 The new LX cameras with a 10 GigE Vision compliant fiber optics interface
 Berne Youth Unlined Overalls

=-=-=-=-=

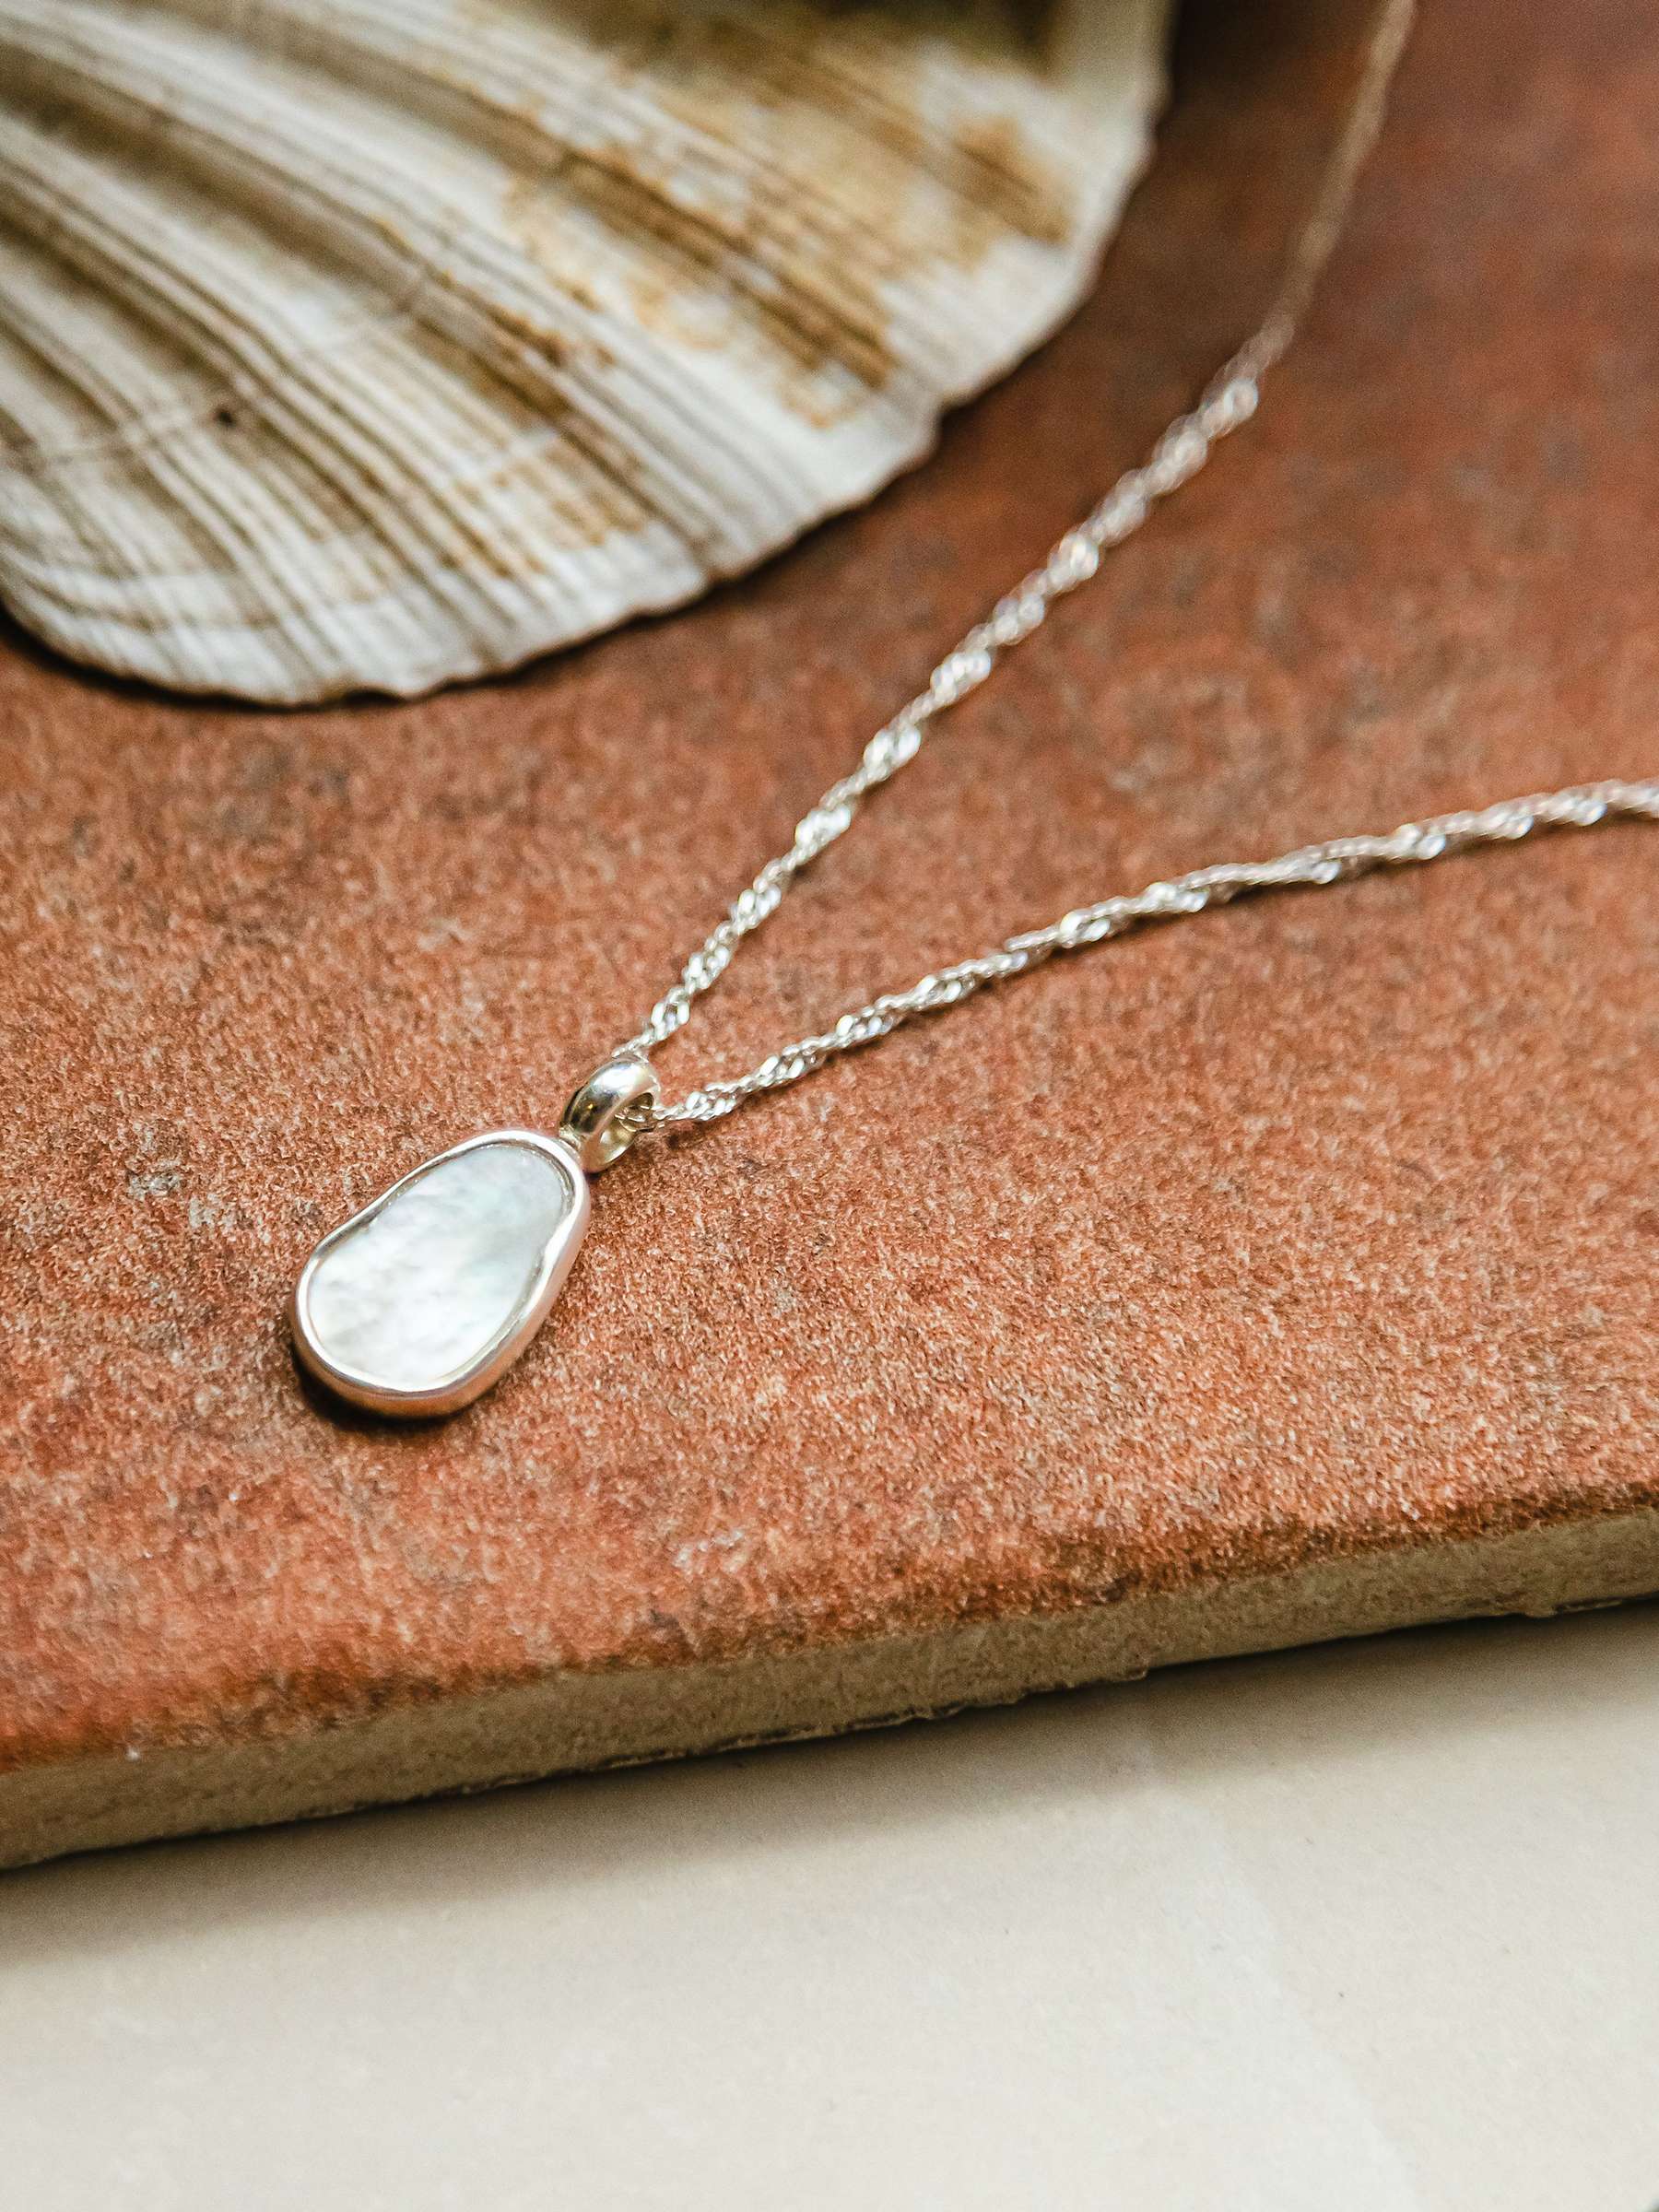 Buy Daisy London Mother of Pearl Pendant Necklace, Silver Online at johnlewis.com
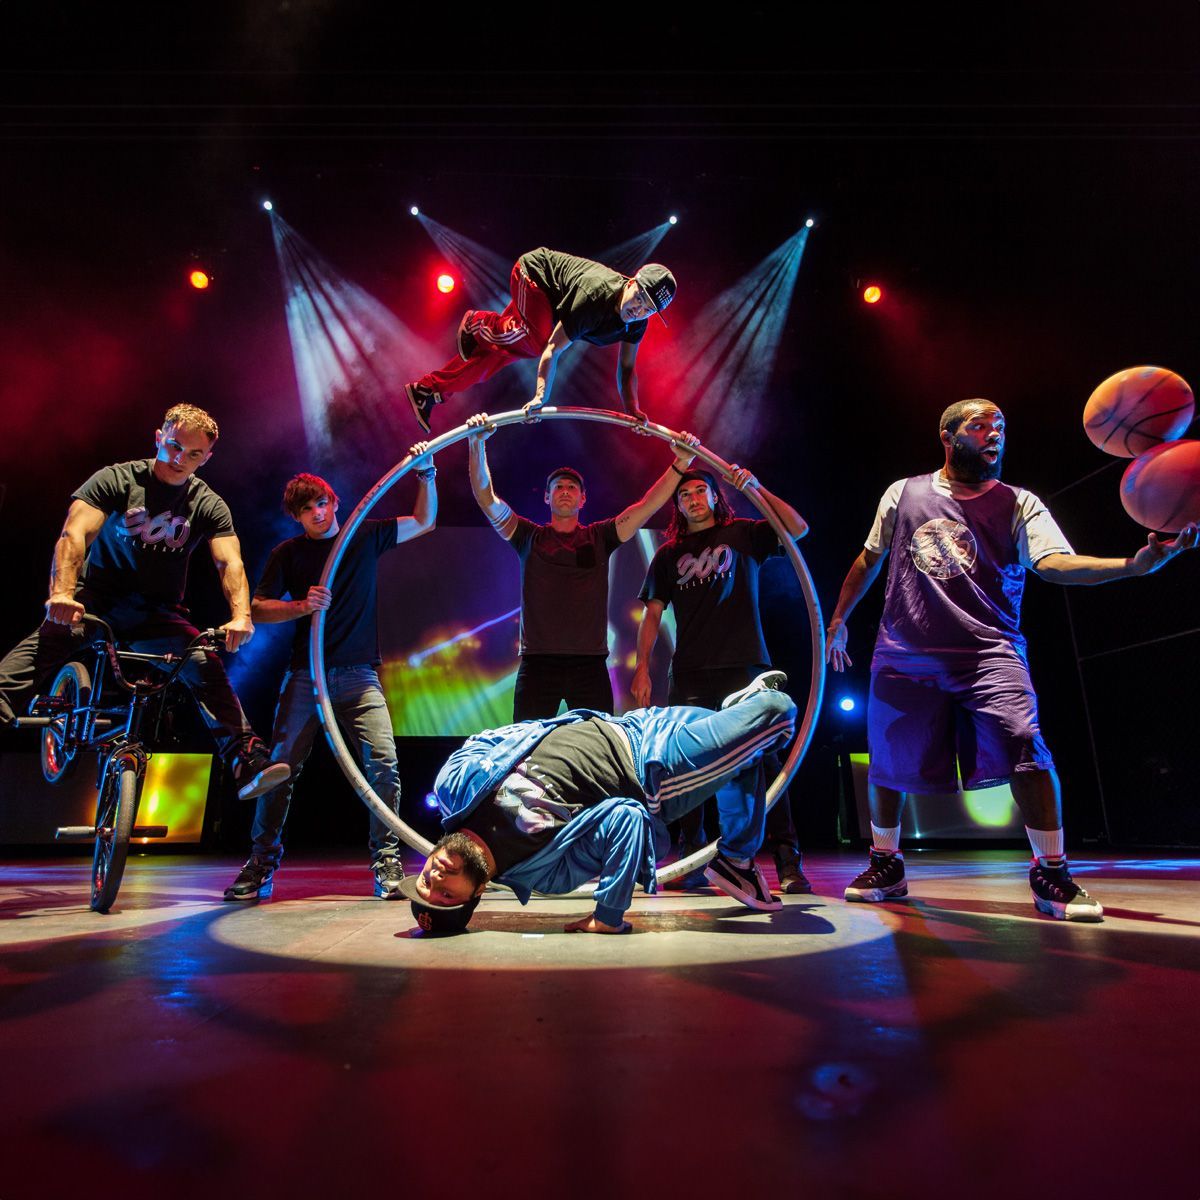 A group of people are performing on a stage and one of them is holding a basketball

=-=-=-=-=

__What to work on__: Using only the entries above, output the line with "The new LX cameras", the line with "Berne Youth Unlined Overalls", and all lines between them, exactly as they stand.

__Written reply__:
 The new LX cameras with a 10 GigE Vision compliant fiber optics interface
 Berne Youth Unlined Overalls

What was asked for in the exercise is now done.